Впрочем, справедливости ради нужно заметить, что цесаревич не так уж сильно ошибался, предполагая потуги своего новоявленного друга. Де Вержи не был бы французом, если бы не попытался добиться благосклонности веселой и весьма влиятельной вдовы. И только потерпев неудачу в варианте, который считал беспроигрышным, обратил свои усилия на Николая. Признаться, без особого энтузиазма, но неожиданно удачно.
– Ты не прав, Гастон. Тетушка, может, и не благоволит иноземцам, но всегда готова учиться у европейцев. Впрочем, как и у выходцев с Востока. Она вообще говорит, что не имеет значения, где черпать знания, потому что они бесценны. И потом посмотри, как она одевается. Многое в ее туалете взято от европейцев.
– Возможно, цесаревич. Но, признаться, у меня сложилось такое впечатление, что если она захочет, то может совершить что угодно. Сжечь Немецкую слободу, захватить трон. И клянусь, у нее для этого есть все. Популярность в народе, преданность стрельцов, круглый год находящихся на службе и подчиняющихся ее свекру…

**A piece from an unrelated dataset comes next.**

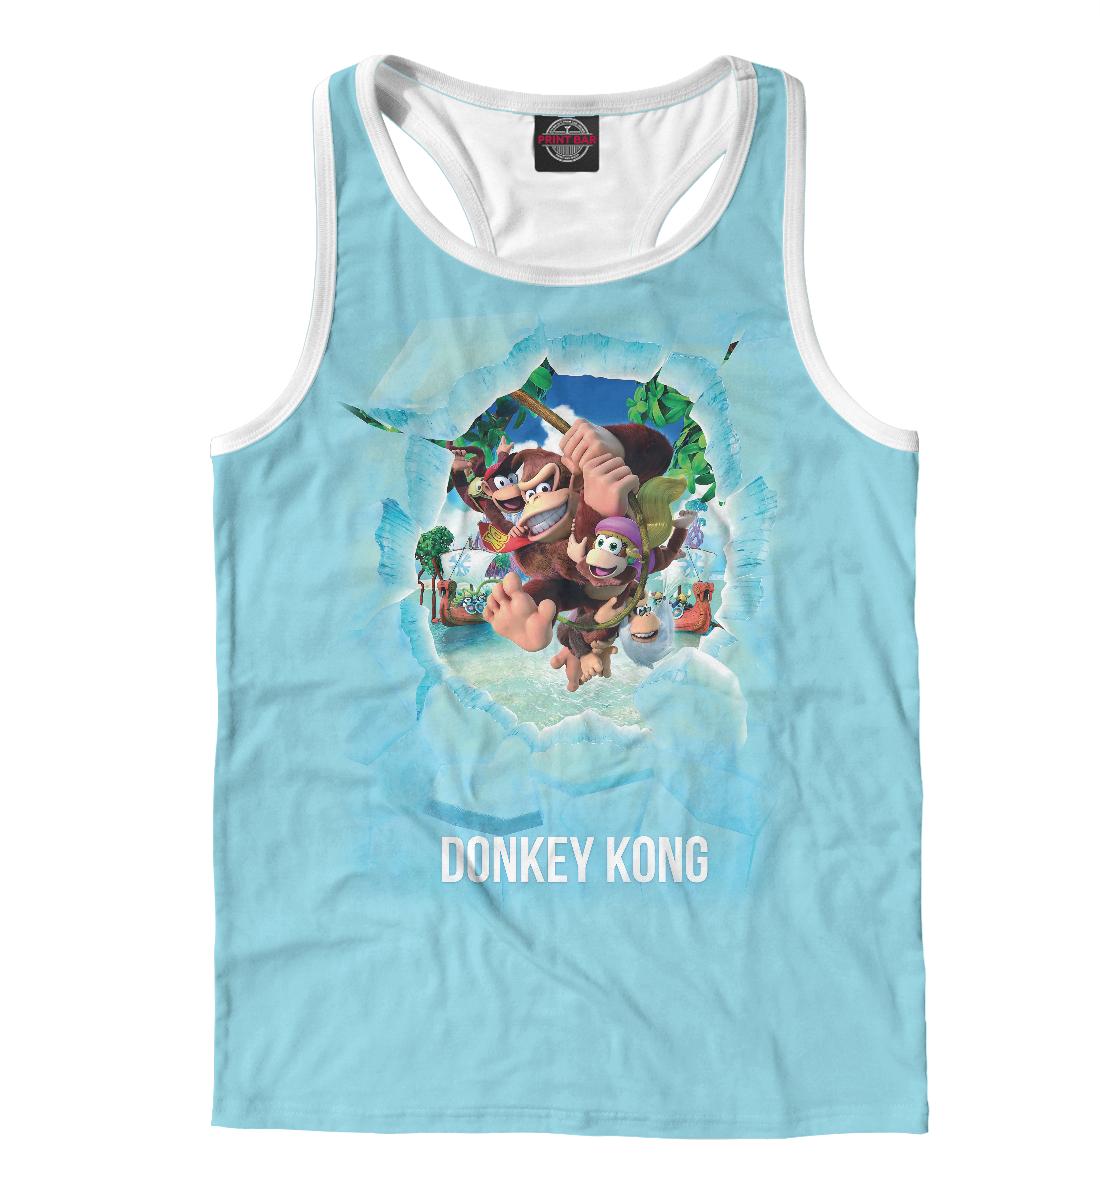 Купить Donkey Kong, Printbar, Майки борцовки, RPG-786965-mayb-2

– Гастон, – резко оборвал друга Николай, – тетка Ирина была близкой подругой моей матушки. И когда та умерла, давая жизнь мне, заменила ее. Заменила полностью. Она вскормила меня своей грудью, потеряв в то же время своего первенца. Именно она была моей кормилицей, пусть я того самолично и не помню. И еще. Об этом никто не говорит. Батюшка и тетушка запрещают о том поминать. А теперь и я запрещу говорить тебе. Четыре года назад я заболел черной оспой. Да-да, не смотри на меня так. Все знали, что я болен, но чем именно, никому не говорилось, чтобы не было паники. О том знали только четверо. Тетушка сама, добровольно, отправилась со мной в карантин. Потому что мне было страшно, и я просил ее не оставлять меня. И это-то я помню отлично. Помню, как мне было плохо, как я изнывал от болезни и страха. Помню, как она, презирая болезнь, прижимала меня к своей груди и успокаивала. И если на моем теле осталось лишь несколько небольших отметин, то это только ее молитвами.

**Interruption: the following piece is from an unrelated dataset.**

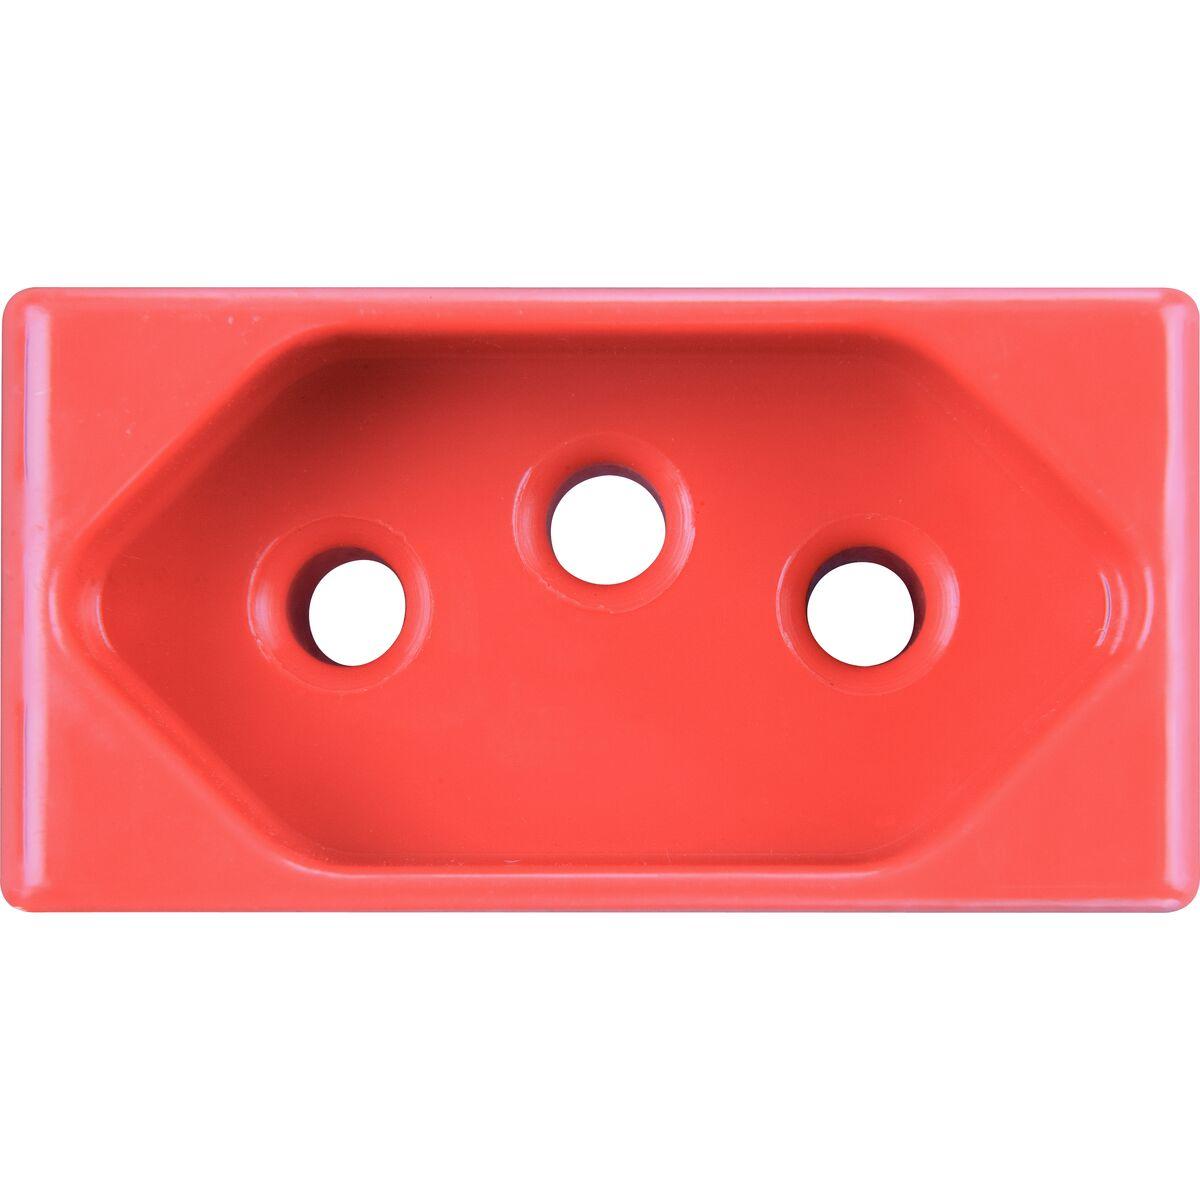 Modulo Tomada 20a Vermelha Liz/Lux 2

– Но-о… – удивленно протянул француз.
– Хворь обошла ее стороной, – подняв руку, остановил его Николай. – Но не это главное. Ты пока только клянешься мне в дружбе или искренне хочешь стать другом. Она же однажды уже сделала шаг, чтобы ради меня принять мучительную и страшную смерть. Вспомни этот наш разговор, когда в следующий раз захочешь сделать намек, подобный сегодняшнему.
– Николай Дмитриевич, поверь, я…
– Гастон, – чуть возвысив голос и метнув в собеседника бешеный взгляд, буквально прорычал подросток.
– Сначала выслушай, Николя, – вовсе не собирался отступать де Вержи.
– Говори, – медленно кивая, выдавил из себя цесаревич, похожий на грозовую тучу.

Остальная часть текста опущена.